New Delhi, Nov. 1
Hit by tight liquidity in the market and high borrowing costs, real estate company Unitech Ltd has reported an over 12 per cent year-on-year slump in its consolidated net profit for the second-quarter ended September 2008, to Rs 358.92 crore.
The company’s net sales were down nearly three per cent to Rs 983.09 crore. “The drop in net profit is on account of liquidity squeeze in the market, which has increased the cost of funds. The interest outflow has been higher and there has been a drop in margins,” Mr Sanjay Chandra, Managing Director, Unitech Ltd, said.
With sluggish demand in the luxury housing segment, the company has re-oriented its product portfolio towards mid-income housing segment (Rs 40-70 lakh). “Given the focus on the affordable housing segment, the company has been able to generate good volumes by putting in place innovative marketing strategies and that is reflecting in the overall revenue,” Mr Chandra said. Unitech is amongst the frontline real estate companies which posted a disappointing set of numbers for the just-ended quarter.
DLF margin falls
India’s largest real estate company DLF Ltd posted a four per cent drop in its net profit for July-September quarter at Rs 1,935.35 crore, as change in product mix towards the mid-income housing compressed margins.
DLF saw EBITDA margin at 61 per cent during in the quarter ended September 2008, compared with 71 per cent in the year-ago period, owing to larger contribution from the low margin, mid-income housing projects.
Mr Rajiv Singh, Vice-Chairman, DLF Ltd, said, “In the Q2 FY08, the mid-income housing for us was almost negligible, but this time it has contributed significantly to the bottomline.”
The Delhi-headquartered developer - which sells a large portion of its commercial assets to DLF Assets Ltd (DAL), a company promoted by DLF Chairman Mr K P Singh - said that during the second quarter, sale to DAL contributed 47 per cent to net profit.
DAL owes DLF close to Rs 4,800 crore at the end of the September 2008. DLF expects DAL to repay close to Rs 5,000 crore through a mix of debt and equity by the end of the current fiscal. DLF’s net staff strength came down by 10 per cent at the end of the quarter to 3,500 employees, but the company attributed this to voluntary attrition. “Close to 350 people chose to leave us but that was natural attrition and did not involve lay-offs. Generally, people re-look at their options after increments,” Mr Rajiv Singh said, adding the company continued to hire in areas of specialised skillsets such as mall management.
The finance cost for the company also continued to rise, and the last deal concluded by DLF came with 16 per cent borrowing cost, compared to 12 per cent a year ago.

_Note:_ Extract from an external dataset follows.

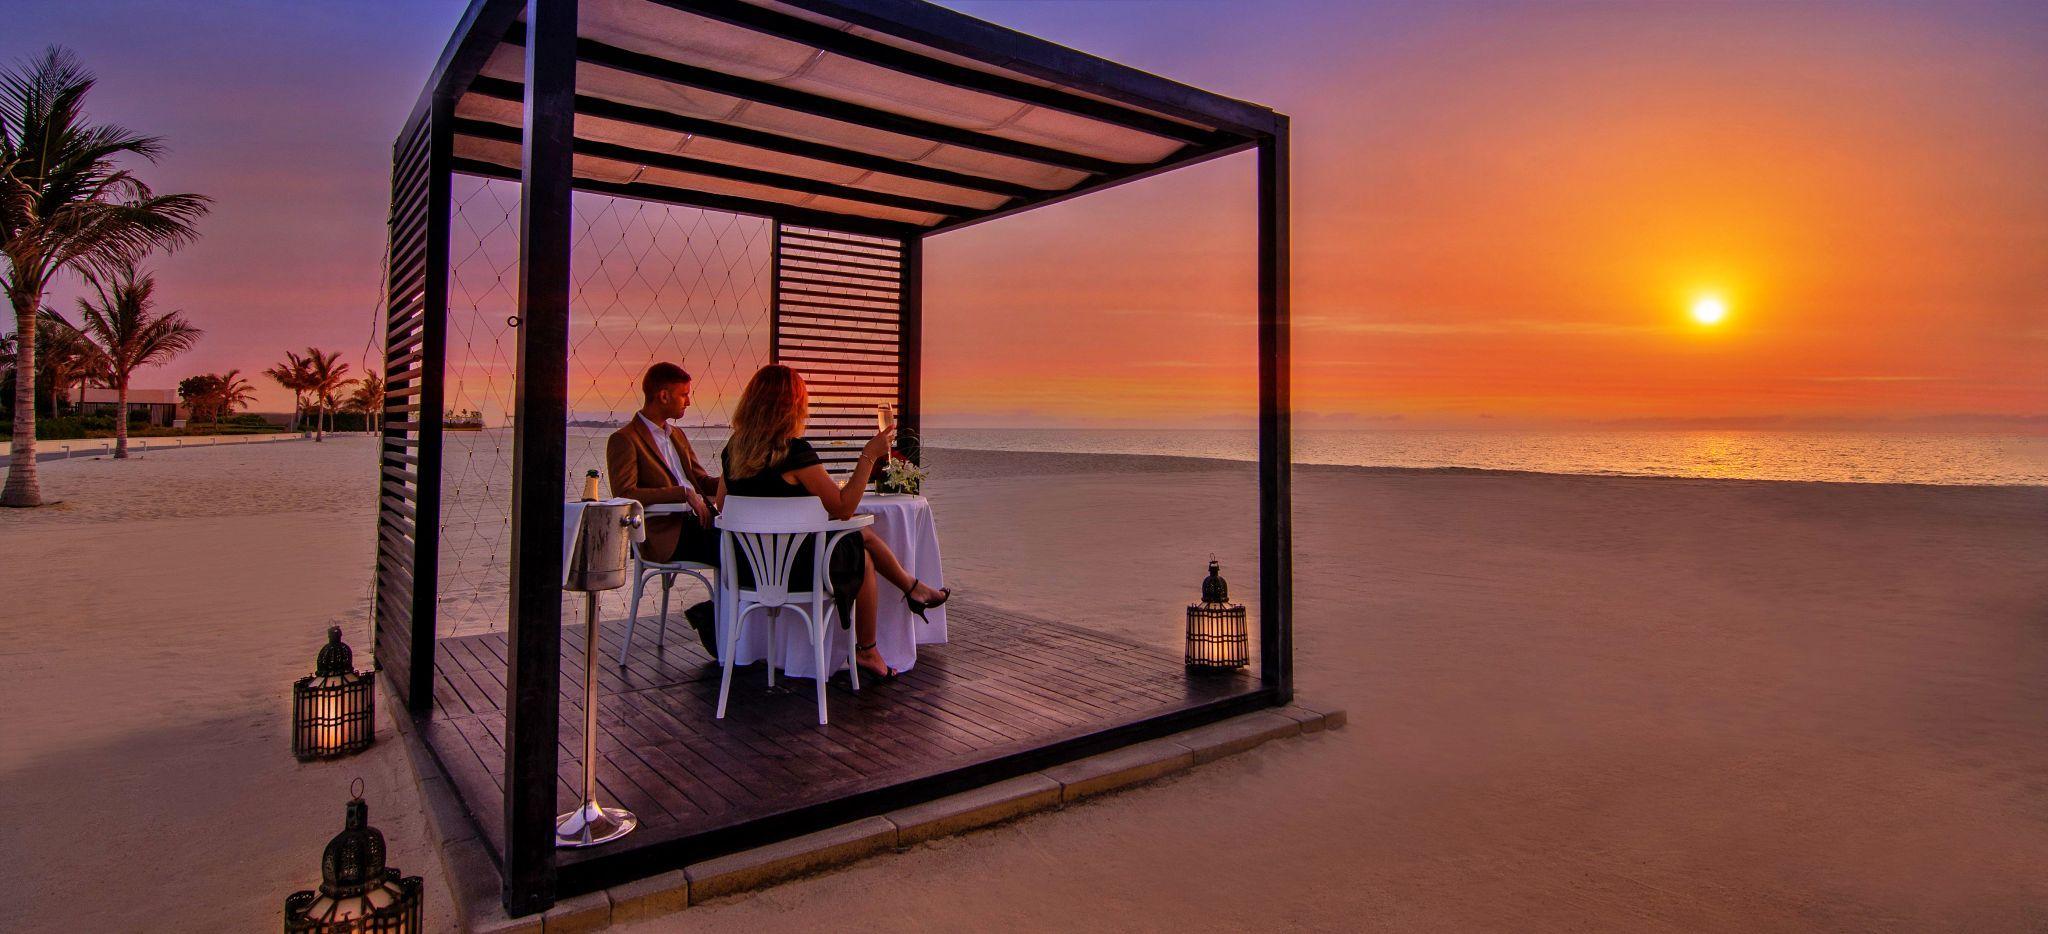 Ein Paar isst in einem Cabana am Strand zu Abend und beobachtet den Sonnenuntergang
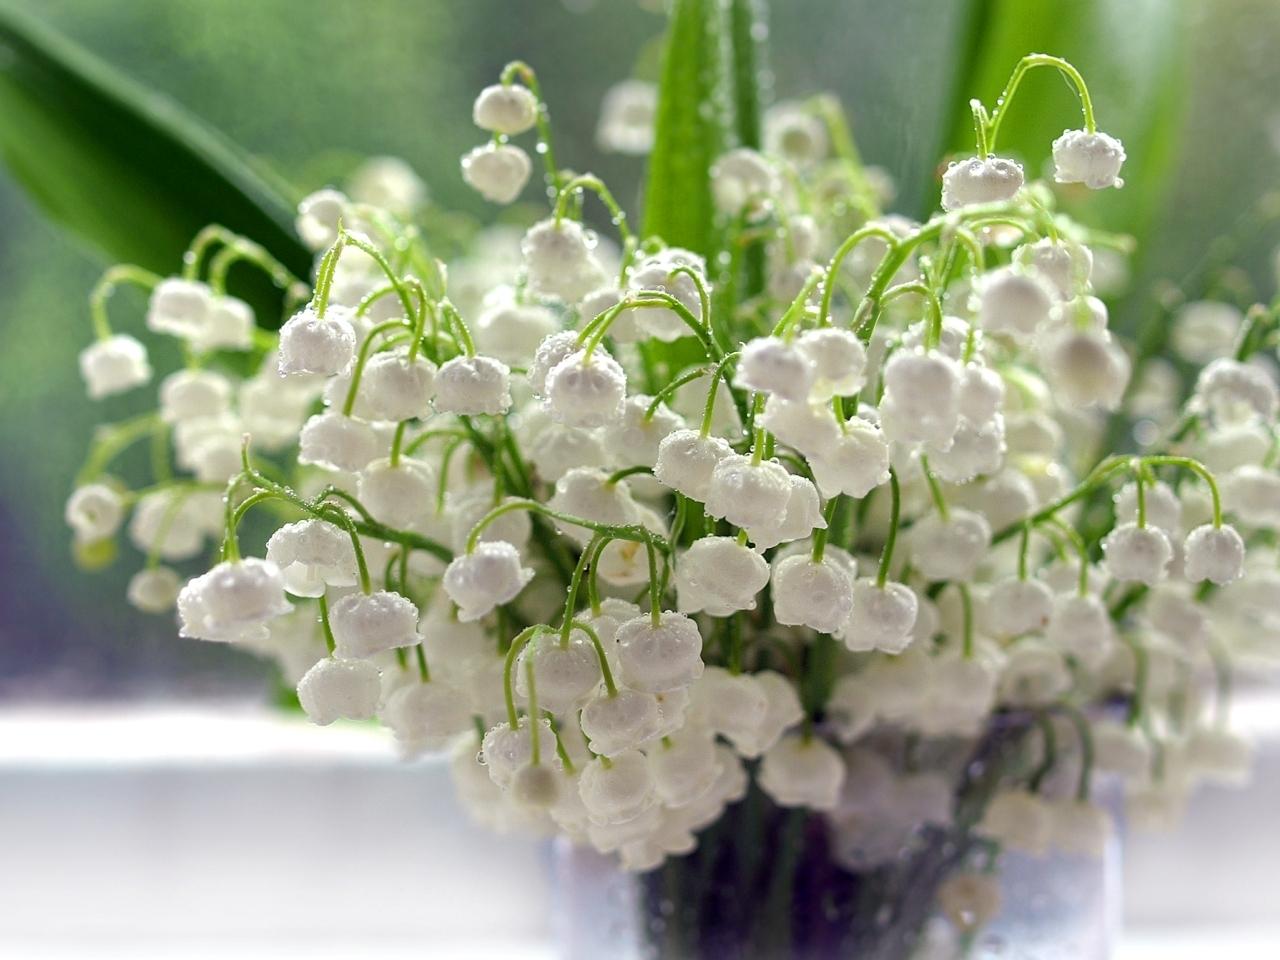 27395 Hintergrundbild herunterladen Blumen, Drops, Pflanzen, Maiglöckchen - Bildschirmschoner und Bilder kostenlos

DLF’s debt currently stands at Rs 14,000 crore. “Of this, over Rs 4,000 crore is on account of new initiatives such as hotels, Rs 10,000 crore is on account of real estate, and a large portion of that would be liquidated through DAL,” Mr Singh said.
During the second quarter, as much as 64 million sq ft was under construction, after delivering 2 million sq ft of built-up space in commercial office and home segments. DLF said it plans to launch more residential projects in New Delhi, Gurgaon, Hyderabad, Bangalore, Indore and Panchkula.